Io però non ho ancora scaricato Pokemon Go, voglio aspettare che esca su App Store in Italia ufficialmente (potrebbe essere il 15 luglio la data fatidica anche se non c’è ufficialità in merito). I dati sono sorprendenti: ho visto dei gameplay, ho compreso la logica di realtà aumentata del gioco che lo rende molto interattivo per gli utenti, ma ancora non capisco come sia possibile un successo del genere. Certo sono milioni le persone che hanno passato la loro infanzia con i Pokemon – tra questi anche io – ma non mi basta come spiegazione.
Pokemon Go: un gioco nella media realizza i nostri sogni
Decido di approfondire il tema. Vado alla ricerca di qualche articolo che mi possa spiegare, e mi imbatto nel puntualissimo The Verge, uno dei siti tech migliori al mondo (Fonte: me). Un post spiega come sia un gioco nella media, dotato di diversi difetti. Traduzioni mie: “mancano la strategia e la storia dei suoi predecessori”, “si basa sulla connessione ad internet che puntualmente crolla”, e ancora, “il gioco stesso crasha facilmente”. MA, ed è un grosso MA, “è l’unico gioco che ti consente di catturare un Pikachu nel tuo cortile“.
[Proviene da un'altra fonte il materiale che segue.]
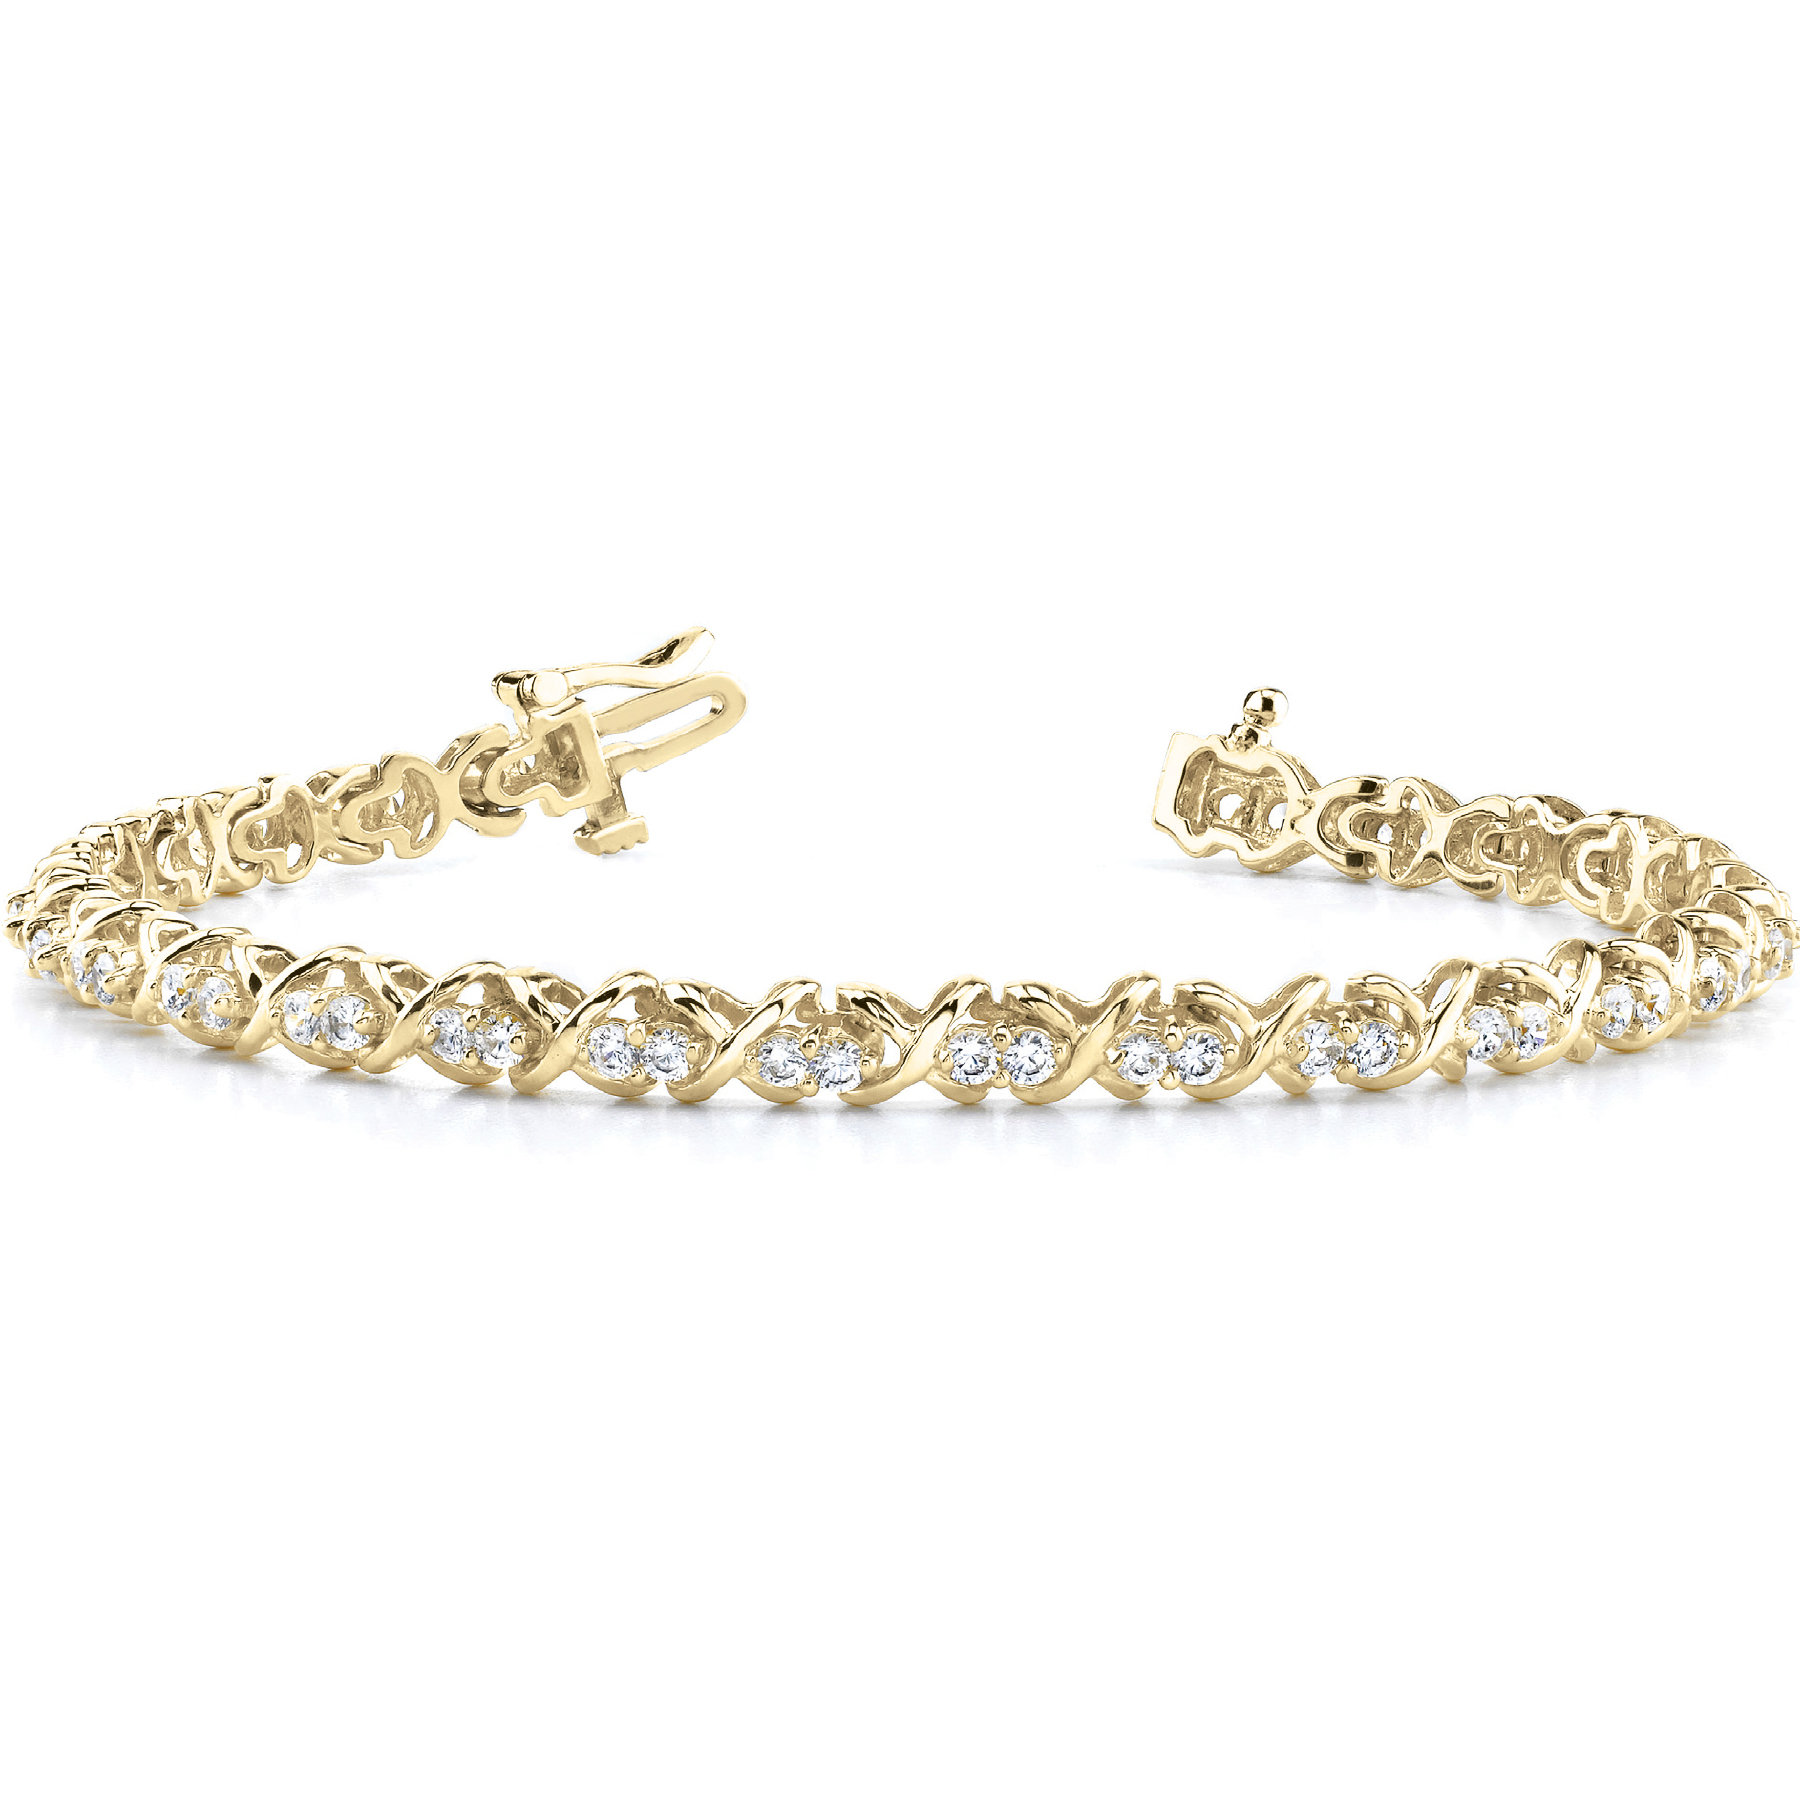 14k-yellow-gold-xo-tennis-diamond-bracelet-4485-01-25

Nei giochi per Game Boy, console portatile che ha consumato i pollici di milioni di più e meno giovani, Pokemon aveva una trama, bisognava correre da una parte all’altra, conquistare palestre, far evolvere e combattere i propri Pokemon. In due parole: acchiapparli tutti. Gli elementi essenziali sono trasportati su Pokemon Go: le palestre, le Poke Ball, ma soprattutto catturare i Pokemon. Il tutto potenziato con la realtà aumentata, che ci permette di catturarli praticamente in prima persona. Non comandiamo un allenatore virtuale, siamo noi l’allenatore, ed esploriamo il mondo reale alla ricerca dei Pokemon più forti e rari.
Le barriere tra realtà e virtuale vengono abbattute, non ci sono mappe immaginarie, ma le vie della nostra città, le spiagge, i laghi, e via dicendo. È finto, ovvio: ma è tutto vero. Così i difetti passano in secondo piano (e cito ancora The Verge) “semplicità, familiarità, coinvolgimento”. Prendi milioni di persone che conoscono il mondo dei Pokemon, dai loro modo di entrarci con Pokemon Go, e il gioco è fatto. Per quanto mi riguarda, l’app raccoglierà numeri enormi, soprattutto considerando che la distribuzione globale è appena all’inizio. Non resta – a me compreso – che attendere l’arrivo anche in Italia.